What you have to do
For the records below, copy exactly the span that begins at the line containing "Biale Meble Kuchenne" and stops after the line containing "#weddingflorist #nhwedding #squamlake", minus any pictures.

Records provided
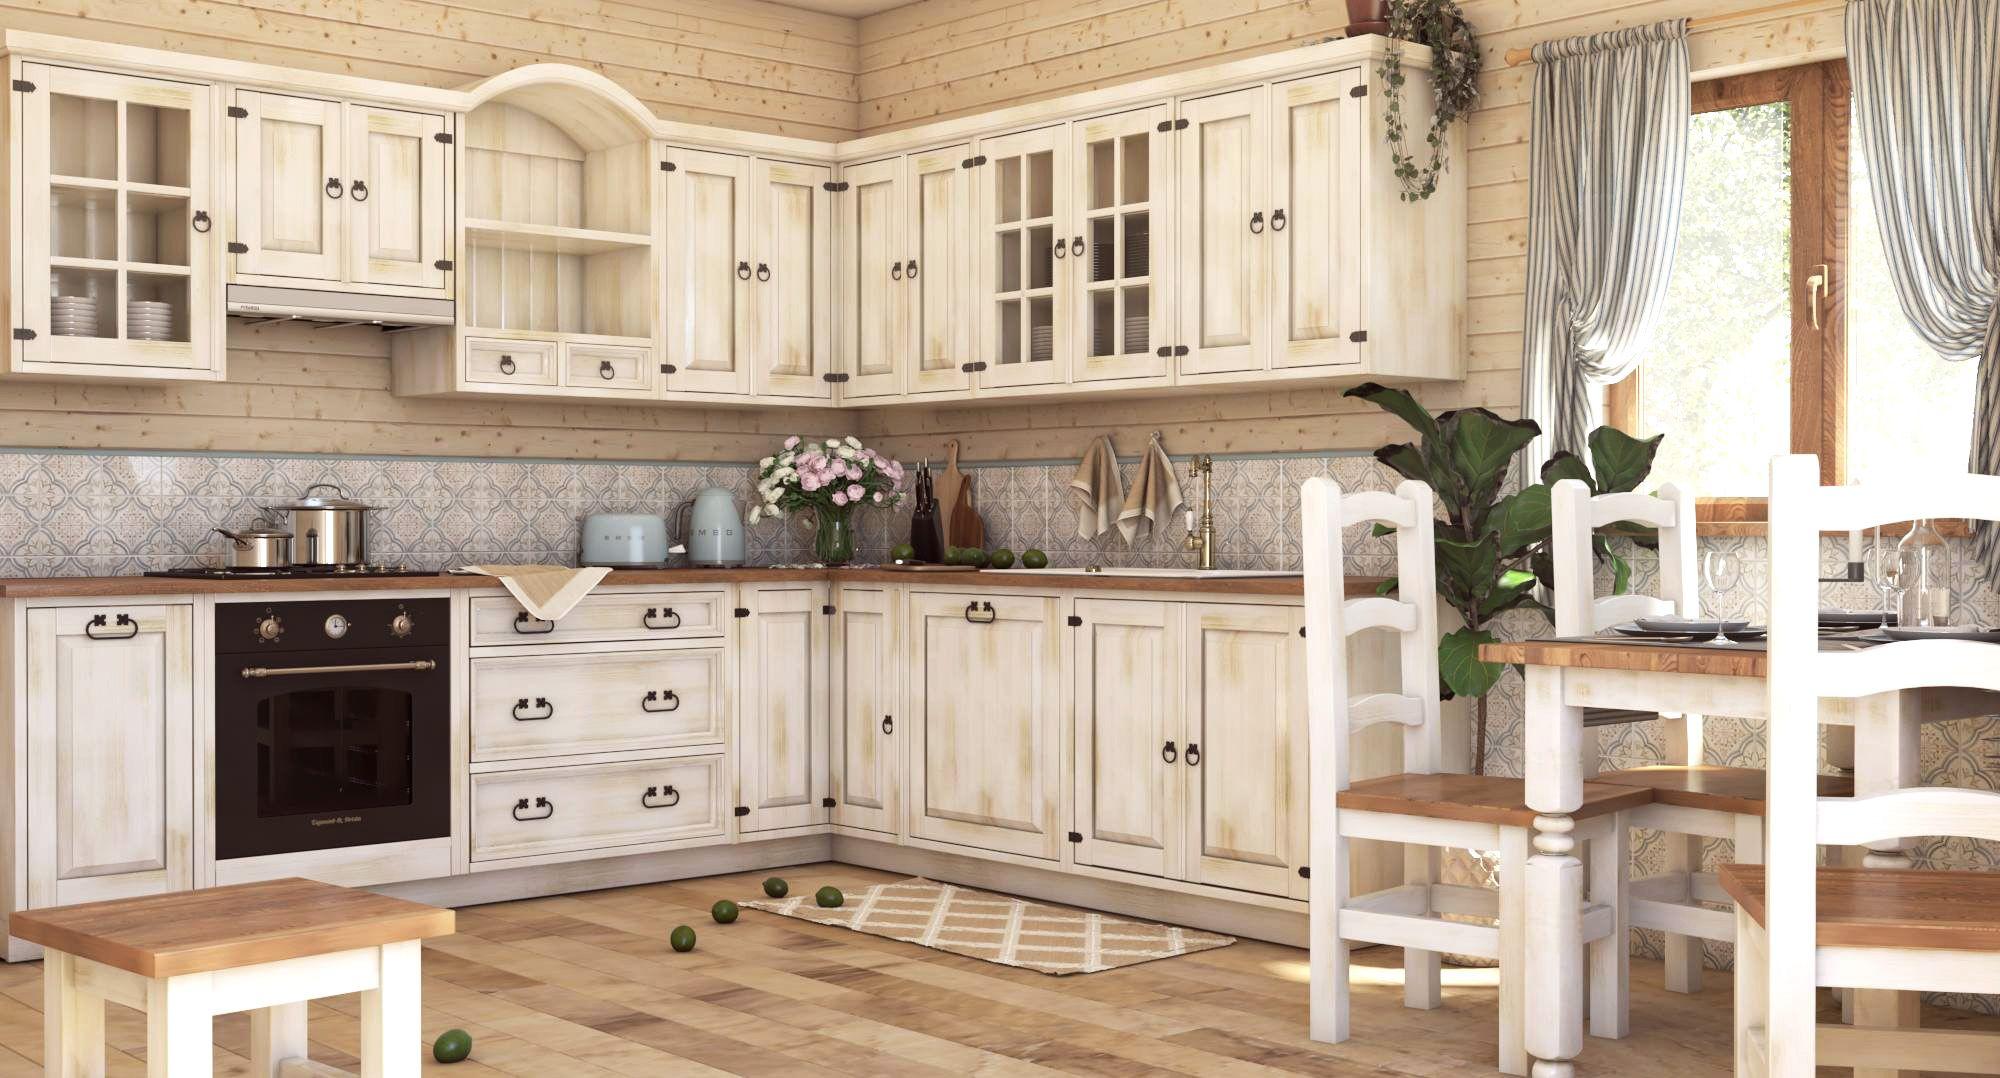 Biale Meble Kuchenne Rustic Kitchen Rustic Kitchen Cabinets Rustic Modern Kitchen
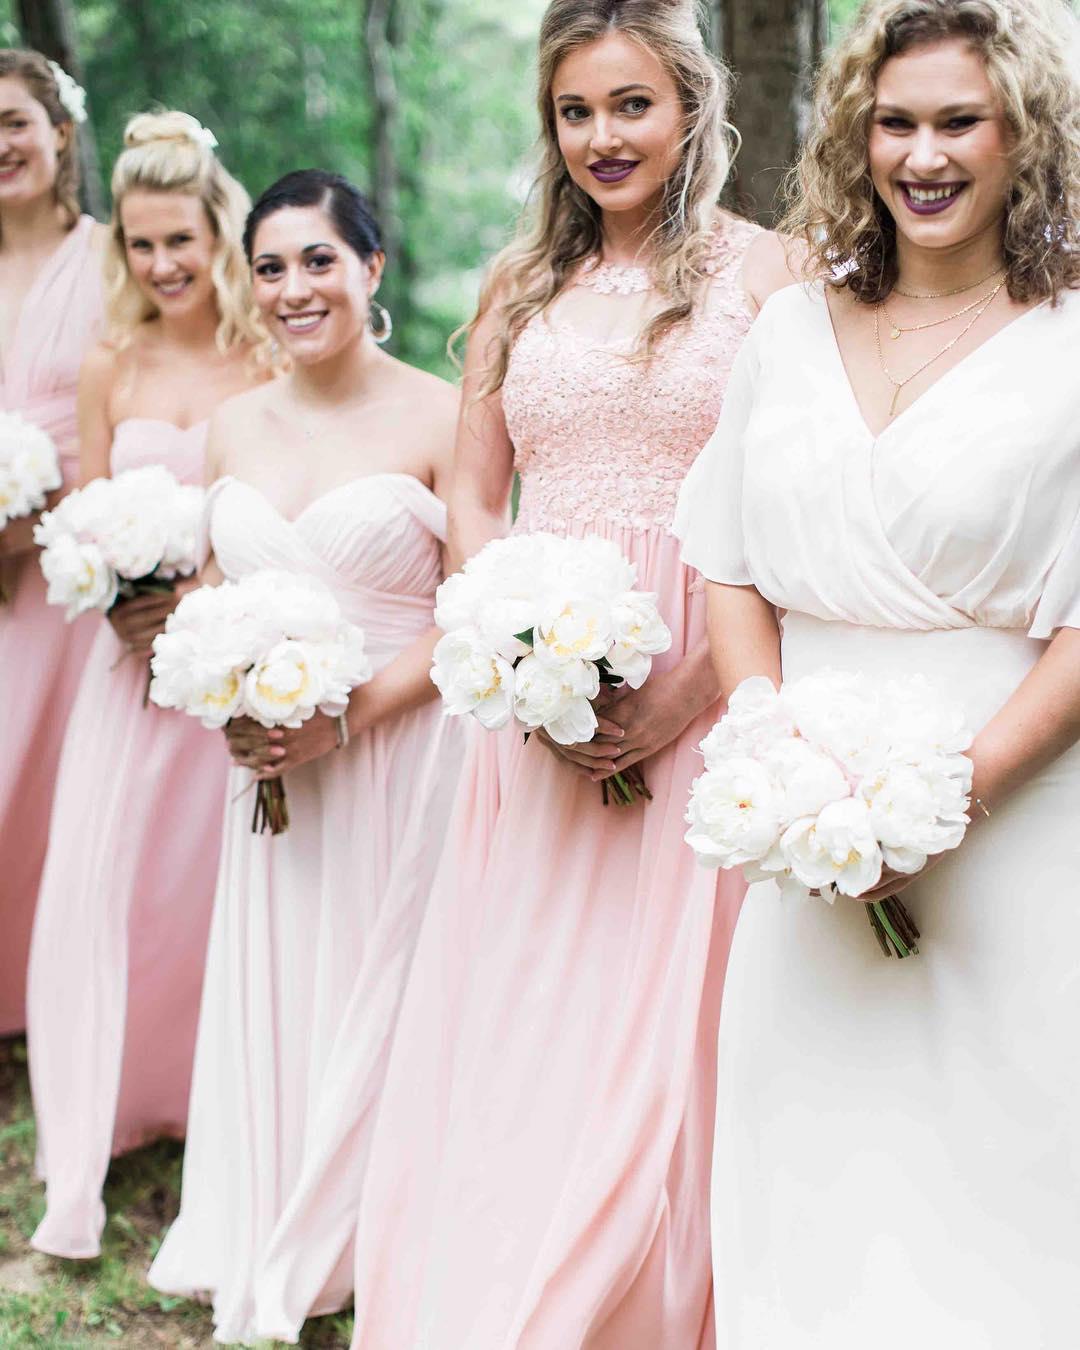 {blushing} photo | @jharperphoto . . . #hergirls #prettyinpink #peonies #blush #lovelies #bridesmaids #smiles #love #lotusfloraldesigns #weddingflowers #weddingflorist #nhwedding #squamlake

==

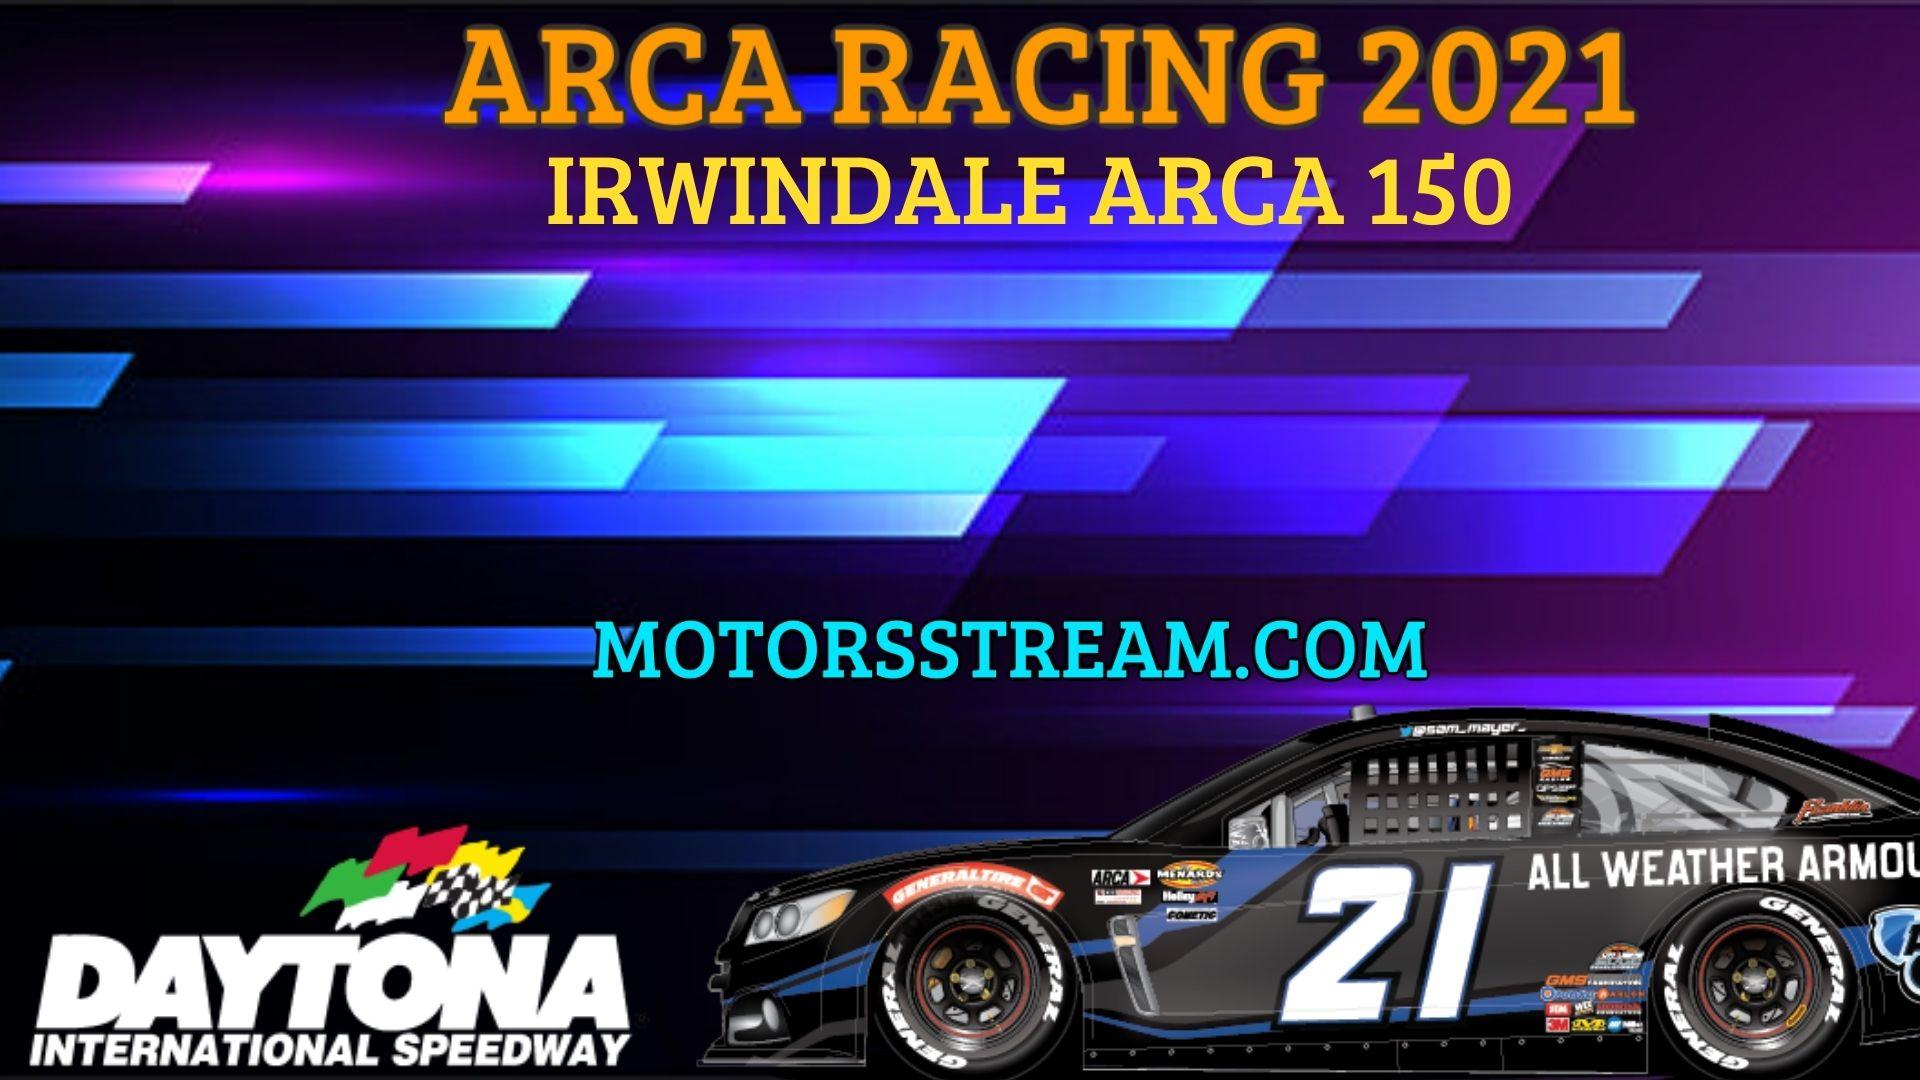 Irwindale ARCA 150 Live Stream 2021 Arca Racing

* * *

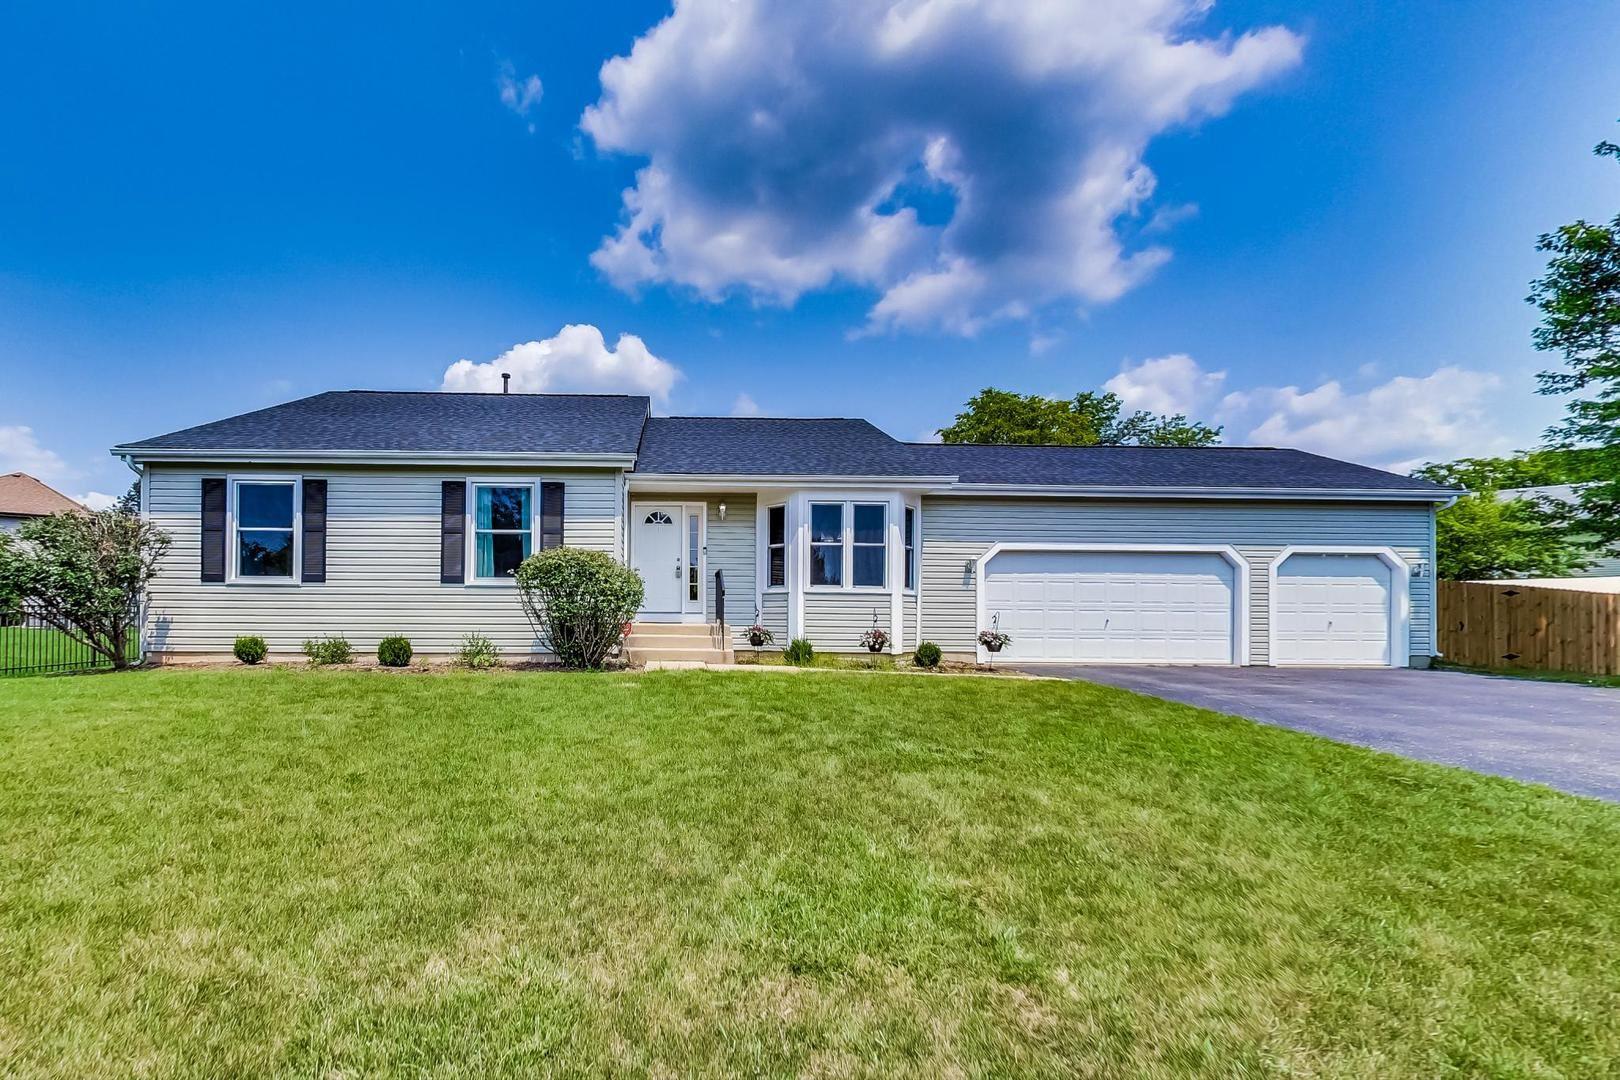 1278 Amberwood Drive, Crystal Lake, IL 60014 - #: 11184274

Problem solution
 Biale Meble Kuchenne Rustic Kitchen Rustic Kitchen Cabinets Rustic Modern Kitchen
 {blushing} photo | @jharperphoto . . . #hergirls #prettyinpink #peonies #blush #lovelies #bridesmaids #smiles #love #lotusfloraldesigns #weddingflowers #weddingflorist #nhwedding #squamlake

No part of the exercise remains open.